The year 2024 ended with a significant increase in the value of the loan and credit portfolio and a notable rise in newly issued obligations. By the end of the year, the total value of loans and credit obligations reached a record 760.6 billion PLN, reflecting a 5.5% year-over-year growth, according to a report by the Credit Information Bureau (BIK). Over the past 12 months, borrowers took out loans and credits worth 248.8 billion PLN, marking an increase of over 32% compared to 2023. Sales of most credit and loan products saw double-digit growth.
The highest demand was observed for cash loans and mortgage loans, with banks issuing 94.9 billion PLN and 87.1 billion PLN, respectively. These two products accounted for 73% of the total value of household financing in 2024.
“The ability to borrow and the demand for credit in 2025 will largely depend on macroeconomic factors such as wage levels, unemployment rates, inflation, and interest rates,” said Dr. Mariusz Cholewa, CEO of BIK.
Key Drivers of Growth in 2024
The year 2024 was notably better than previous periods for the credit and loan market. Most products saw high growth dynamics, with credit limits maintaining their 2023 levels. Despite persistently high interest rates and the absence of a new round of housing credit support programs, the year brought clear increases in the value of both outstanding loan portfolios and newly issued obligations.
“The value of new financing provided to clients in 2024 exceeded our expectations,” said Dr. Cholewa.
Key contributing factors included:
- Wage Growth: An 11% increase in wages enhanced creditworthiness and encouraged timely repayment of loans and non-bank credit obligations.
- Low Unemployment: A 5.1% unemployment rate bolstered financial security and drove higher demand for loans.
- Moderate Inflation: An annual inflation rate of 3.6% allowed for better portfolio management.
- Stable Interest Rates: Although still high, stable rates facilitated consumer confidence and credit activity.
Record Loan and Credit Portfolio
The total value of private loans and credits reached a historic 760.6 billion PLN, an increase of 39.7 billion PLN compared to 2023. Mortgage loans accounted for the largest share at 68.9% (524.3 billion PLN), followed by cash loans at 22.8% (173.5 billion PLN).
Other credit products, such as installment loans (28.9 billion PLN), credit cards (13.9 billion PLN), and credit limits (9.1 billion PLN), played a smaller role. Non-bank cash loans reached 6.9 billion PLN, and purpose-specific loans totaled 2.6 billion PLN. The emerging Buy Now, Pay Later (BNPL) segment recorded an impressive 0.8 billion PLN by year-end.
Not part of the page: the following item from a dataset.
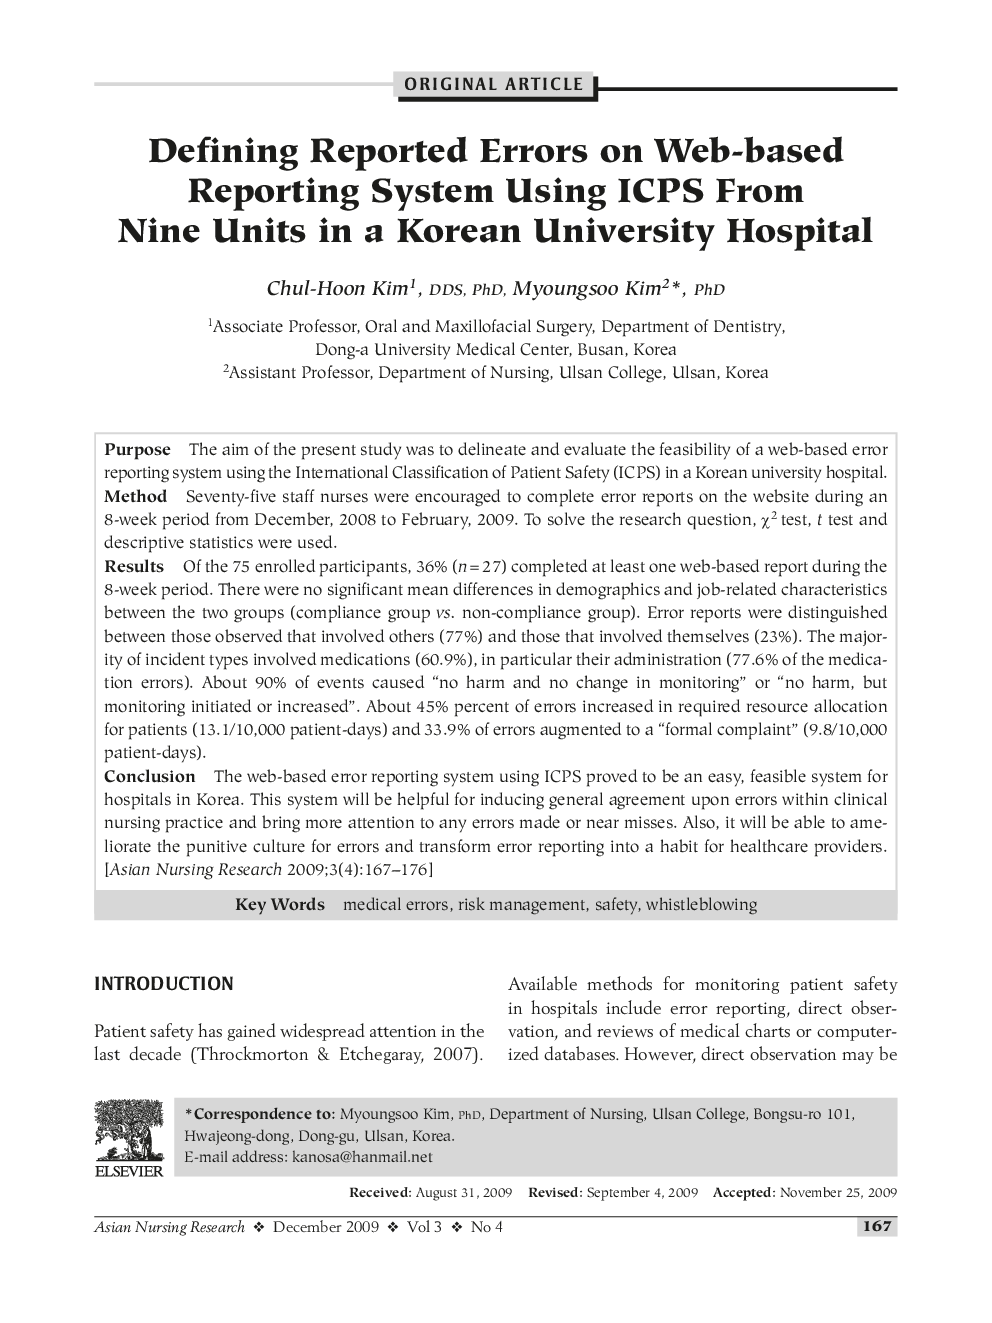 Defining Reported Errors on Web-based Reporting System Using ICPS From Nine Units in a Korean University Hospital

Housing and Cash Loans Dominate
In 2024, the value of issued mortgage loans amounted to 87.1 billion PLN, a 36.1% year-over-year increase. Of this, 13.6 billion PLN stemmed from applications filed under the “Safe Mortgage 2%” program in 2023. Excluding this program, pure market-driven mortgage loans amounted to 73.5 billion PLN.
Cash loans reached 94.9 billion PLN, with a 28.6% year-over-year growth. A significant portion of high-value housing loans (above 600,000 PLN) grew by nearly 115%, driven by rising property prices and improved creditworthiness.
Non-Bank Loans and the BNPL Boom
Non-bank loan companies issued loans worth 21.7 billion PLN, a 49% year-over-year increase. BNPL services doubled their value to 10.7 billion PLN, marking a 101.8% year-over-year growth. This payment method, especially popular among younger consumers under 44 years old, has introduced new customers to the financial market.
Positive Outlook for 2025
Despite persistent inflation and high interest rates, the credit and loan market is expected to continue its upward trend in 2025. Key factors include low unemployment, rising incomes, and stable economic growth. BIK forecasts a 1.2% growth in mortgage sales to 88.2 billion PLN and a 5.9% increase in cash loan sales to 100.5 billion PLN.
The non-bank loan market is also expected to grow moderately, with cash loans forecasted to reach 15.9 billion PLN in 2025. Installment loans and purpose-specific loans are expected to see growth rates of 4.9% and 8.7%, respectively.
“The 2025 credit market holds promise for sustainable growth, driven by improving macroeconomic conditions and rising consumer confidence,” concluded Dr. Cholewa.